Ветер у стадиона дул как сумасшедший, и народу никого не было. И хотя в этот день и матча не было и ветер действительно был страшный, очень странно было видеть такую пустоту: ни одного человека. Мы стали подыматься по пустой лестнице наверх, я оглянулся и увидел сверху огромный парк перед стадионом, пожелтевшие деревья и пруды, мимо которых мы шли сюда от трамвая.
Мне не терпелось поскорее подняться на самый верх стадиона, чтобы увидеть его пустую чашу и залив за стадионом, но Рыбкина вдруг сказала:
— Посмотри, столовая, и свет горит, там кто-то есть.
Она быстро пошла куда-то направо, по асфальтовой наклонной дорожке, под какими-то колоннами, я пошел за ней, здесь был огромный балкон буквой «П» с толстыми каменными перилами, на которых сидели нахохлившиеся голуби; они так и не шелохнулись, когда мы прошли совсем рядом. Внизу, под нами, был как бы дворик, тоже буквой «П», открытой стороной к прудам, первый этаж корпусов слева и справа от меня состоял из колонн, и за колоннами, у самой стены корпусов, полным-полно сидело голубей; когда мы были еще внизу, я их не рассмотрел, а теперь догадался, что они, как и верхние, тоже прячутся от ветра.
В столовой было пусто — ни одного человека. За окошечком, откуда, видно, подают еду, кто-то тихо брякал крышками от кастрюлек, а в другом конце столовой был буфет, Рыбкина прошла туда, я — за ней, там стояла тетенька в белой куртке, она улыбнулась нам и спросила:
— Что молодые люди будут кушать?
Я сказал Рыбкиной очень тихо:
— А зачем мы сюда пришли?
— Я очень замерзла, — сказала она. — И я голодная. Я не ела сегодня.
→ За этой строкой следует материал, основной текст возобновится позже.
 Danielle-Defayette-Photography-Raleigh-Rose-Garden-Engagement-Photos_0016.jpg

А ты?
— Я ел, — сказал я. — Я абсолютно сыт.
— Лимонад будешь? — спросила она.
— Буду, — сказал я, хотя мне лимонаду совсем не хотелось, и она купила лимонад и еще пирожок с мясом и пирожное — колечко.
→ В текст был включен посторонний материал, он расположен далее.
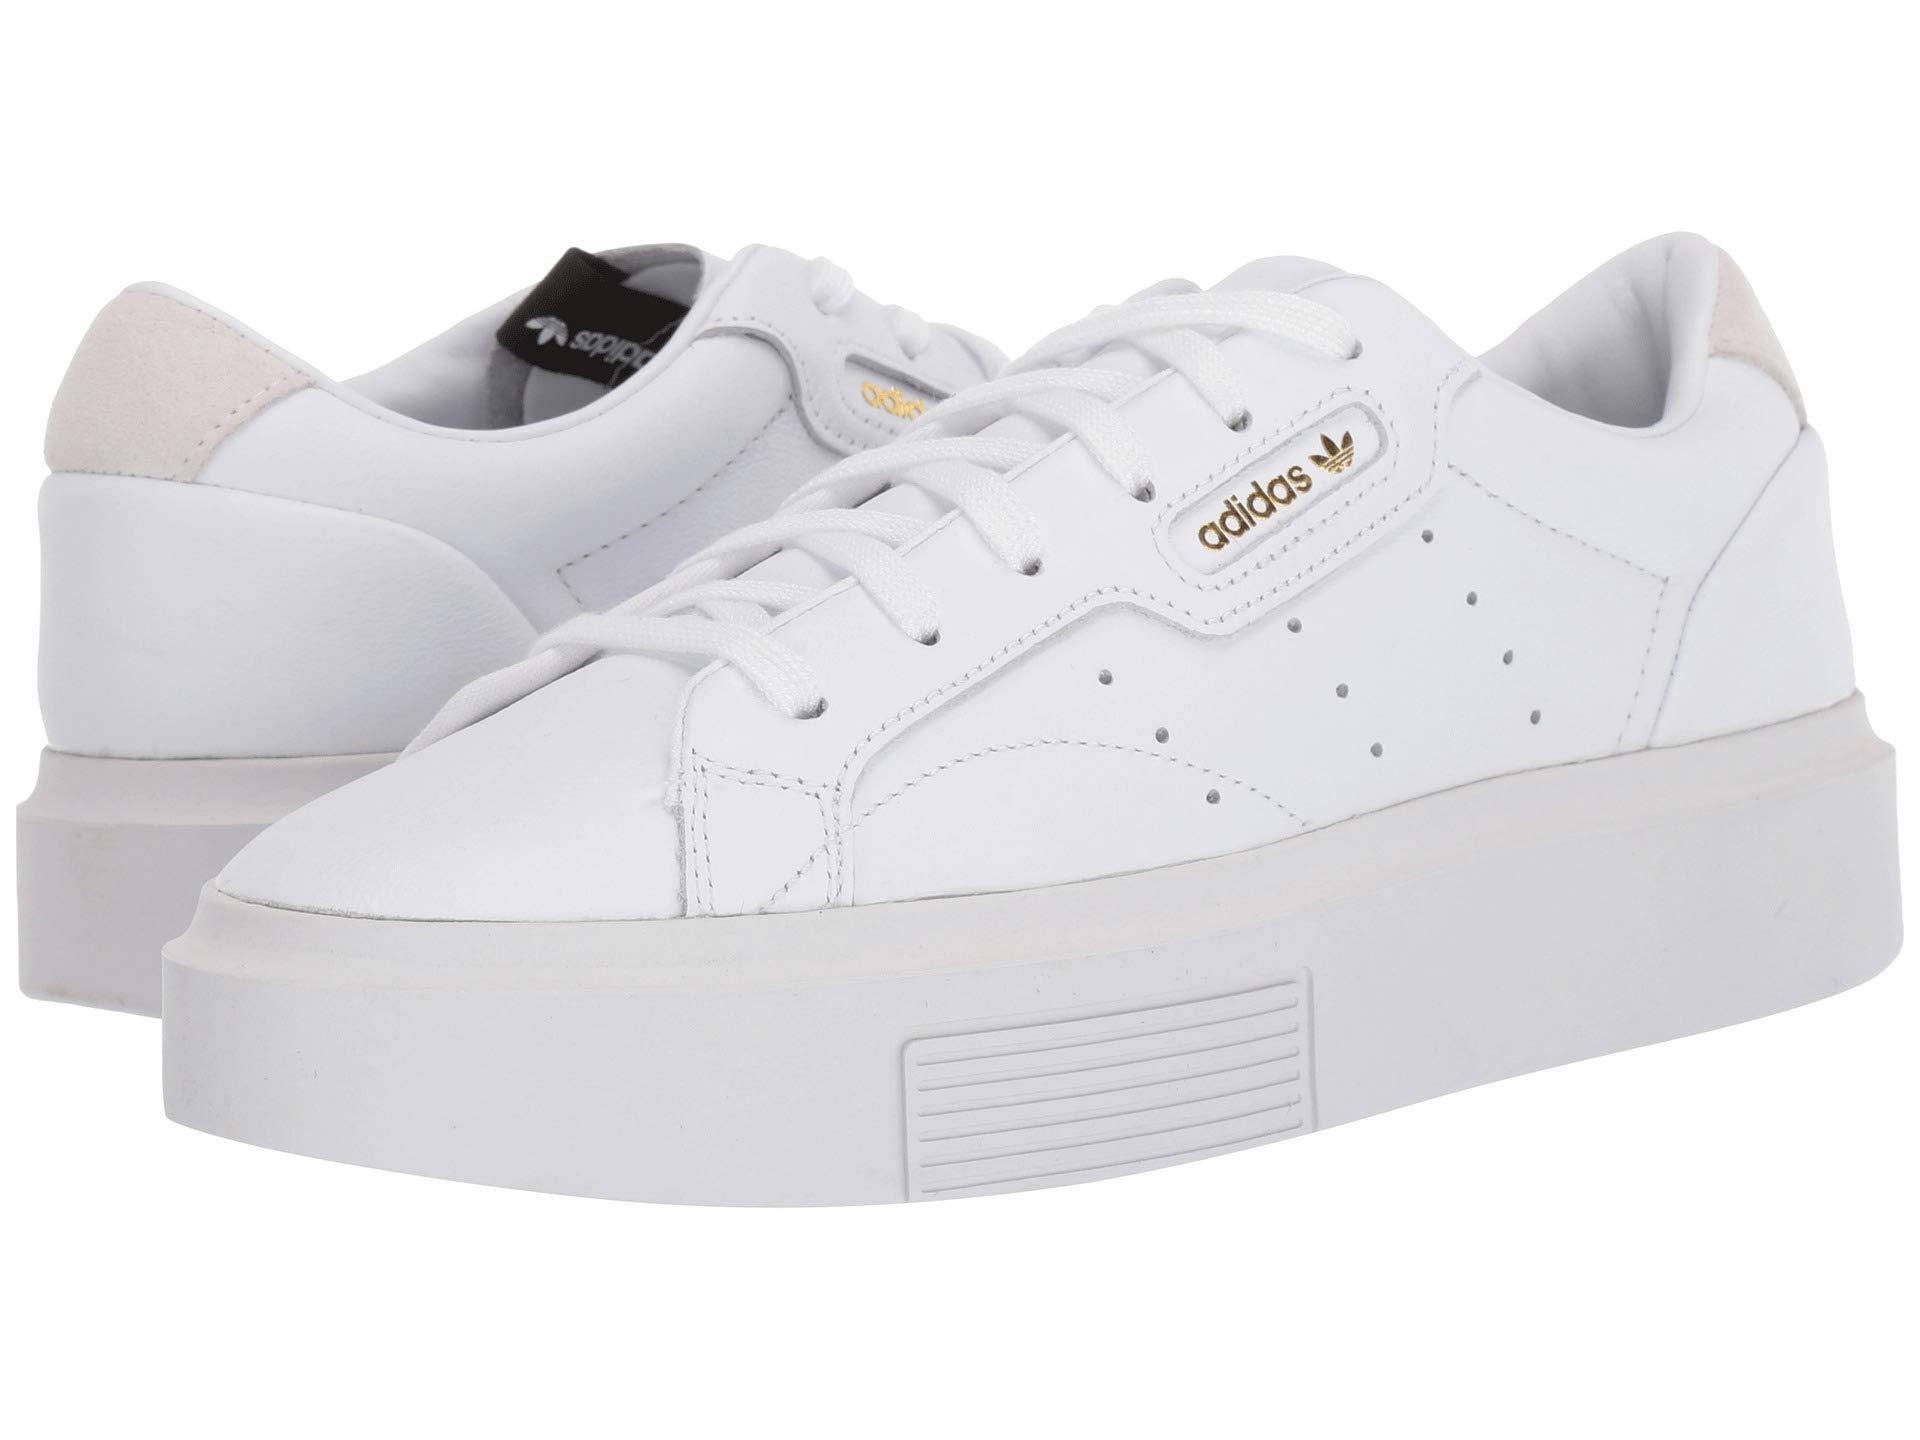 adidas Originals Leather Sleek Super in White/Crystal White/Black (White) -  Save 70% | Lyst

Мы сели за один из пустых столиков, я поглядел сквозь прозрачную занавеску в окне и увидел, как мимо окна, хотя и не быстро, летят желтые листья, а голуби, нахохлившись, так и сидят на толстых каменных перилах.
— Ты, Рыбкина, пей быстрее лимонад — и пошли, а то стемнеет, — сказал я.
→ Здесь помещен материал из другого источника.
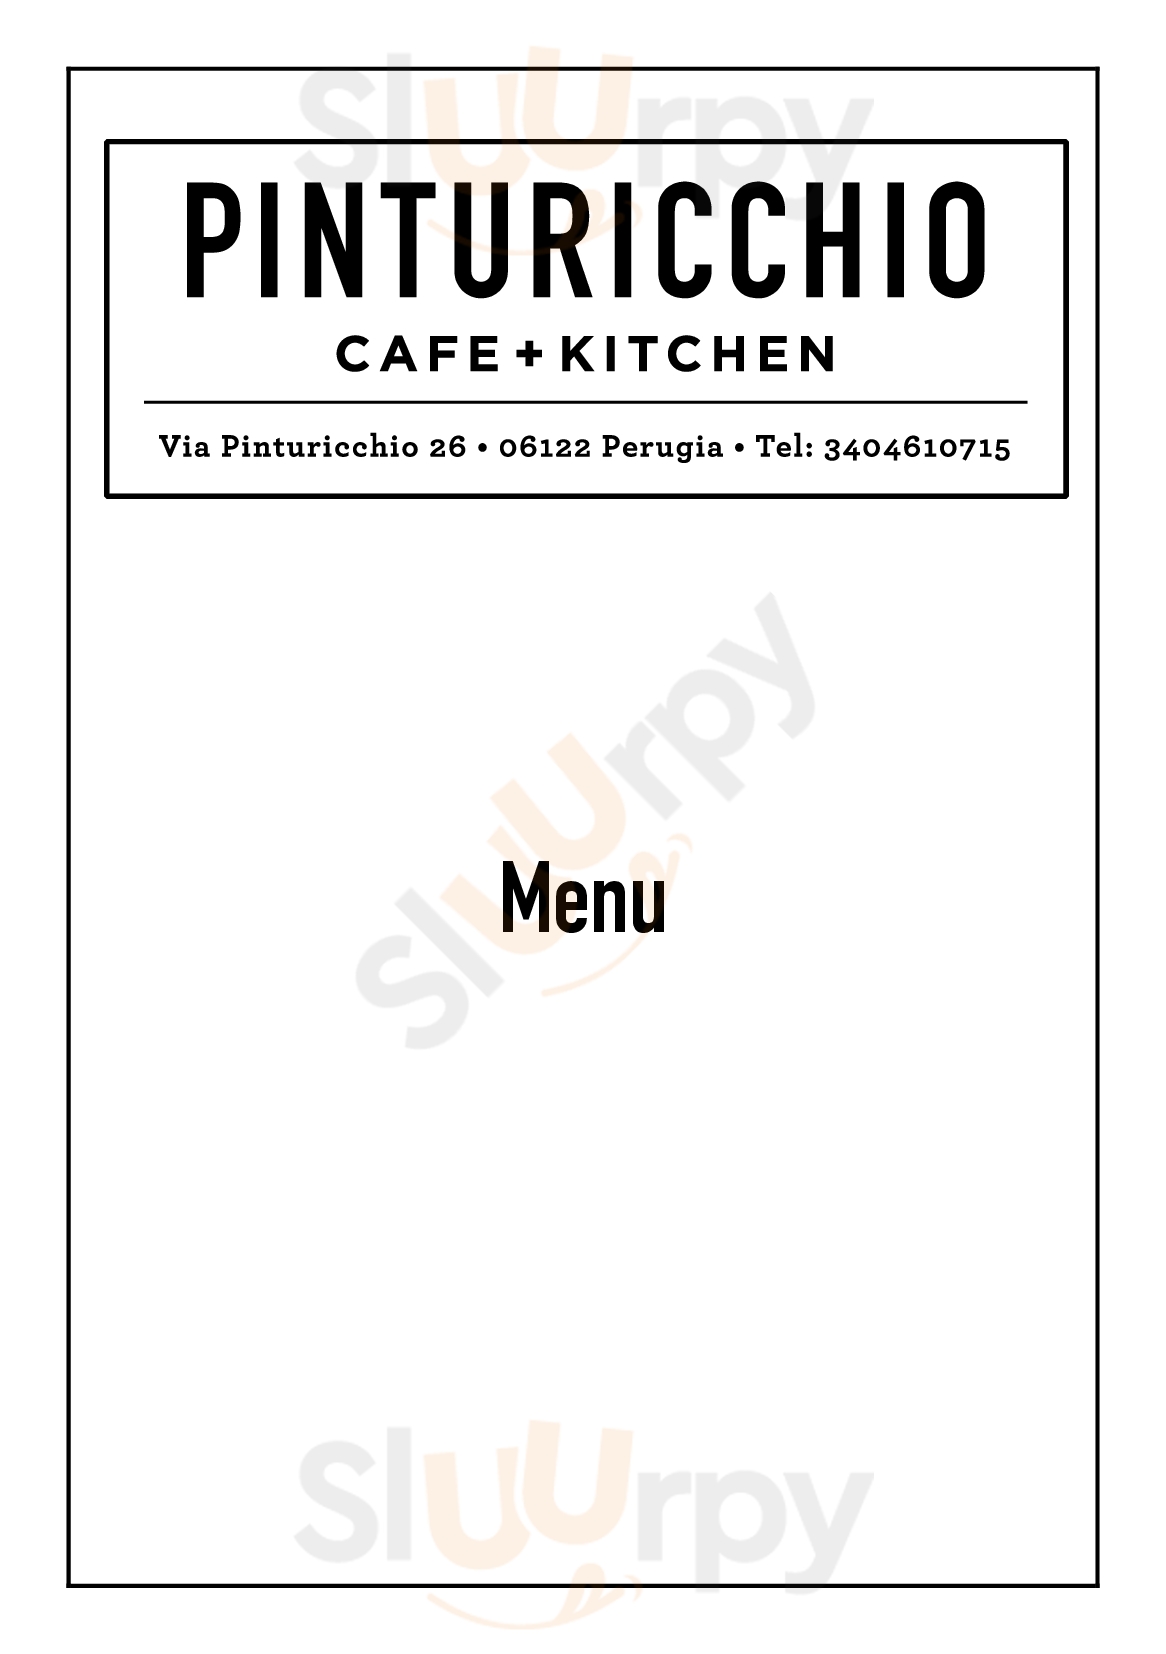 Pinturicchio Cafe+Kitchen Perugia menù 1 pagina

— Да я быстренько, — сказала она. — И ты тоже пей. И не называй меня по фамилии, зови Оля.
Мне стало неловко, я опять уставился в окно и тут же заметил, как прямо у меня на глазах начало светлеть, листья понеслись мимо окна быстрее, ветер, я думаю, еще усилился, прогнал прочь тучи, и я снова заторопил Рыбкину идти поскорее, пока не стемнело уже по-настоящему.
Мы, наконец, вышли, поднялись на самый верх стадиона, и я увидел сразу и стадион, огромный и пустой, и залив за ним, серый, весь в волнах, и серое небо над заливом, и далекую и очень узкую красно-желтую полосу заката на горизонте.
Я поднял к глазам бинокль, навел на резкость и долго смотрел на горизонт, после отдал бинокль Рыбкиной, навел ей на резкость, она немного поохала, вернула бинокль мне, и я опять долго смотрел на пустой горизонт, где не было ни одного корабля, и на желто-красную полосу заката; скоро мы оба продрогли на ветру и спустились от ветра прямо в низ пустой чаши стадиона и сели на скамью где-то в середине между верхом и футбольным полем; в этой огромной чаше мы были одни.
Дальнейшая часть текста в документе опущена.